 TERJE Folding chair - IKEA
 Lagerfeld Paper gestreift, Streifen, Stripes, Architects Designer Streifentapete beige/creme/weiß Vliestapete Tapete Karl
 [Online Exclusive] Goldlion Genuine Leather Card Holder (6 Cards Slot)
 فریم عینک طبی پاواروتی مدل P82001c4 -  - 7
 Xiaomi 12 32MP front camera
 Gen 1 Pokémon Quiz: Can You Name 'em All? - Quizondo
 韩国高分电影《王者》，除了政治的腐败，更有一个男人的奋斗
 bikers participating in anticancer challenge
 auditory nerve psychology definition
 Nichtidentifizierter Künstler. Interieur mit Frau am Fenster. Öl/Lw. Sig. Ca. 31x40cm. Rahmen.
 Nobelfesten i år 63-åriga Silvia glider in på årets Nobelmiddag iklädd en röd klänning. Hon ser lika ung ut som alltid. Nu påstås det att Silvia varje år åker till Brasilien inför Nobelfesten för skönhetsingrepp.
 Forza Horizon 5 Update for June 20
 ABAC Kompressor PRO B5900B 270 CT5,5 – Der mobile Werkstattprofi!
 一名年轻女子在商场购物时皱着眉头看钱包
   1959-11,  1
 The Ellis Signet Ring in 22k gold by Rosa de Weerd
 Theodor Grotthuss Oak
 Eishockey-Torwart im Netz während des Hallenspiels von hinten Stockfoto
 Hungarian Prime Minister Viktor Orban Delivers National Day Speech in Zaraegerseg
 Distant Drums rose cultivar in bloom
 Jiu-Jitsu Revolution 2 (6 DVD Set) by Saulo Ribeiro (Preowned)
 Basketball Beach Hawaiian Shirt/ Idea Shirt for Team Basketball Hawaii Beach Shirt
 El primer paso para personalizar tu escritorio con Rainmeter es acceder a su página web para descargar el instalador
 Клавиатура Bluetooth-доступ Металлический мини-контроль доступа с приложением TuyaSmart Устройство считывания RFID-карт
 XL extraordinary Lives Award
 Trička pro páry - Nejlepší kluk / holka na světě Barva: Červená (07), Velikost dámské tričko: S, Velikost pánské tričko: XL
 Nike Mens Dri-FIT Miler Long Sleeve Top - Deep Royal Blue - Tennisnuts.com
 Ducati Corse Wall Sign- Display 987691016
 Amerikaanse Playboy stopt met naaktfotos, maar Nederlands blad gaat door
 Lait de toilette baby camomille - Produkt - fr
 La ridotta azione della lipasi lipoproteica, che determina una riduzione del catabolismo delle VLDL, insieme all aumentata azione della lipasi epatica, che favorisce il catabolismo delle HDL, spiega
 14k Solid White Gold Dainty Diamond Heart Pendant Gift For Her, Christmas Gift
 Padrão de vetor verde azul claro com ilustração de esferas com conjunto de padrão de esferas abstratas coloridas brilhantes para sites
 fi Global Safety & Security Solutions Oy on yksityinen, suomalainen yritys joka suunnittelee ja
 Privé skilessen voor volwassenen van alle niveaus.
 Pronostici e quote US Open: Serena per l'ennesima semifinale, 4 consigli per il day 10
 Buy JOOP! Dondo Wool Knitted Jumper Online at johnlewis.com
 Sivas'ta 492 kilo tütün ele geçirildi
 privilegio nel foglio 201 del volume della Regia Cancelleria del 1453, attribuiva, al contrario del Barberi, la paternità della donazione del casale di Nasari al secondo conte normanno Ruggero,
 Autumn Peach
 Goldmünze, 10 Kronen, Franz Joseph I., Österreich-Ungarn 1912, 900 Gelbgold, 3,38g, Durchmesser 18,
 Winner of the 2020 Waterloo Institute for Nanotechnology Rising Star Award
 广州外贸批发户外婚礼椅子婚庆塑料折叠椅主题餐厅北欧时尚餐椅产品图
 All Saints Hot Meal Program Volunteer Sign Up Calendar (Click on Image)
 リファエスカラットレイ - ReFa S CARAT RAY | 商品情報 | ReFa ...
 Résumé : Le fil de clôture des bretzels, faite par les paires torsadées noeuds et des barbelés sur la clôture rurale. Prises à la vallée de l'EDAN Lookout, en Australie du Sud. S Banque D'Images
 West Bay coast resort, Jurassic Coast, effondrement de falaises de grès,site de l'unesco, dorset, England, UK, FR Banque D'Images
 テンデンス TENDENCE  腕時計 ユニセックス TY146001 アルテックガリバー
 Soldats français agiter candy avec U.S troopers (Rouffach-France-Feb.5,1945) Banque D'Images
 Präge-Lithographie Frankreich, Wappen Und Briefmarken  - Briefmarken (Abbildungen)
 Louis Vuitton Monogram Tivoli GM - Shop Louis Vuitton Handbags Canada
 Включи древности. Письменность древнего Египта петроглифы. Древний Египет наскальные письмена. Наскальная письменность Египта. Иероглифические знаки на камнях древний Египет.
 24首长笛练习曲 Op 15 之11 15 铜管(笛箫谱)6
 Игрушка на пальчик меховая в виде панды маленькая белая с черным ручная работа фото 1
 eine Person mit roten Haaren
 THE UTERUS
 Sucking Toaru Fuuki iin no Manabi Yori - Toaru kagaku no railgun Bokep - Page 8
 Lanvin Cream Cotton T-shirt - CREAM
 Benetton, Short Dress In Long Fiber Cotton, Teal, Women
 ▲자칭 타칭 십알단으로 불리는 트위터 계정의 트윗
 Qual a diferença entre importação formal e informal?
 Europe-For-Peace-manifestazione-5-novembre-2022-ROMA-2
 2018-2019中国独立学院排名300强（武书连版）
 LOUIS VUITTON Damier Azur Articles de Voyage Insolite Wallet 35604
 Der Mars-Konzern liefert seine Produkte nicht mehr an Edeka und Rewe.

________________

*TASK REQUIREMENTS*: Using the records above, gather all lines where the string "Cotton" is present.

*REPLY*:
 Lanvin Cream Cotton T-shirt - CREAM
 Benetton, Short Dress In Long Fiber Cotton, Teal, Women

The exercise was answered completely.